In this prognostic study, the findings validate CTC count as a prognostic biomarker that improved upon existing prognostic factors and estimated vastly divergent survival outcomes regardless of subsequent lines of therapy. As such, baseline CTC count in mHSPC may serve as a valuable noninvasive biomarker to identify men likely to have poor survival who may benefit from clinical trials of intensified or novel regimens.
在转移性激素敏感前列腺癌(mHSPC)中,新的一线联合治疗方案提高了总生存期(OS),但个体患者的临床结局差异很大,且难以预测。外周血循环肿瘤细胞(CTC)计数是转移性去势抵抗性前列腺癌(mCRPC)中最广泛验证的预后液体生物标志物,最近的研究表明,它在 mHSPC 中也具有信息价值。
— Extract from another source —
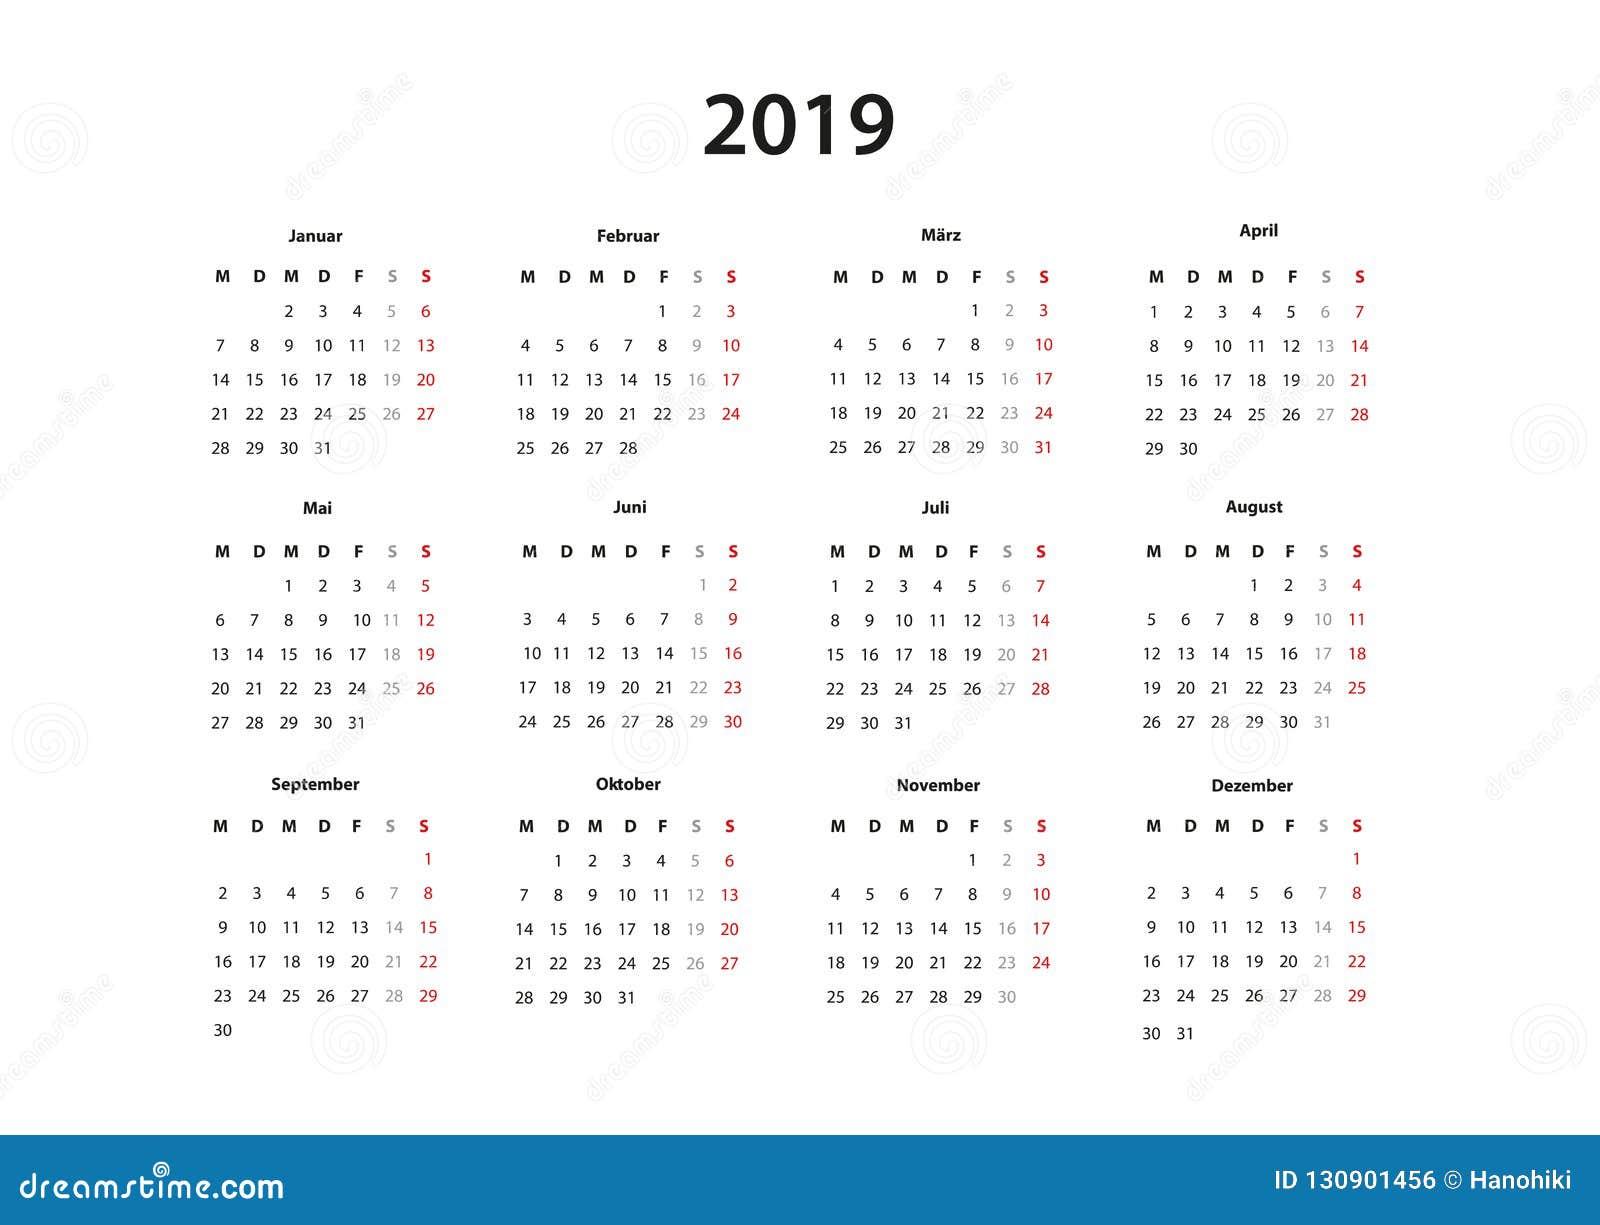 kalender 2019 2020 2021 kalender einfache vorlage deutsch stock vector illustration of. Black Bedroom Furniture Sets. Home Design Ideas

研究 CTC 计数在 mHSPC 男性患者中的预后价值。
设计、地点和参与者:在这项预后研究中,在 S1216 研究(2013 年 3 月 1 日至 2017 年 7 月 15 日)中,在 mHSPC 男性患者的注册(基线)时和进展为 mCRPC 时采集外周血。使用美国食品和药物管理局批准的分离平台对 CTC 进行计数。根据这些切点在先前研究中的预后价值,将计数分为每 7.5ml 0、1 至 4 或 5 个或更多 CTC。数据分析于 2022 年 10 月 28 日至 2023 年 6 月 15 日进行。
转移性激素敏感前列腺癌。
使用比例风险和逻辑回归模型,在调整其他基线协变量后,评估循环肿瘤细胞计数与 3 个预设试验终点(OS、无进展生存期和 7 个月前列腺特异性抗原)之间的关联。
在 S1216 研究的 1313 名参与者中(中位[IQR]年龄,68[44-92]岁),在新诊断为 mHSPC 的 503 名(中位[IQR]年龄,69[46-90]岁)参与者中可评估基线样本,其中 93 名在进展时采集样本。基线时的计数为每 7.5ml 5 个或更多 CTCs 的有 60 个样本(11.9%),每 7.5ml 1 至 4 个 CTCs 的有 107 个样本(21.3%),每 7.5ml 0 个 CTCs 的有 336 个样本(66.8%)。每 7.5ml 有 5 个或更多 CTCs 的男性中位 OS 为 27.9 个月(95%CI,24.1-31.2 个月),每 7.5ml 有 1 至 4 个 CTCs 的男性中位 OS 为 56.2 个月(95%CI,45.7-69.8 个月),每 7.5ml 无 CTCs 的男性中位 OS 为未达到 78.0 个月。在调整基线临床协变量后,基线时每 7.5ml 有 5 个或更多 CTCs 的男性死亡风险显著更高(风险比,3.22;95%CI,2.22-4.68),疾病进展风险更高(风险比,2.46;95%CI,1.76-3.43),前列腺特异性抗原完全缓解的可能性更低(比值比,0.26;95%CI,0.12-0.54),与基线时每 7.5ml 无 CTCs 的男性相比。与仅使用已知预后因素(协变量)相比,将基线 CTC 计数添加到其他已知预后因素中,可提高 3 年生存率的预后价值(曲线下面积,0.79;95%CI,0.73-0.84)。
在这项预后研究中,研究结果验证了 CTC 计数是一种预后生物标志物,它提高了现有的预后因素,并估计了截然不同的生存结果,而与后续的治疗线无关。因此,mHSPC 中的基线 CTC 计数可能是一种有价值的非侵入性生物标志物,可以识别出生存预后较差的男性,这些男性可能受益于强化或新型方案的临床试验。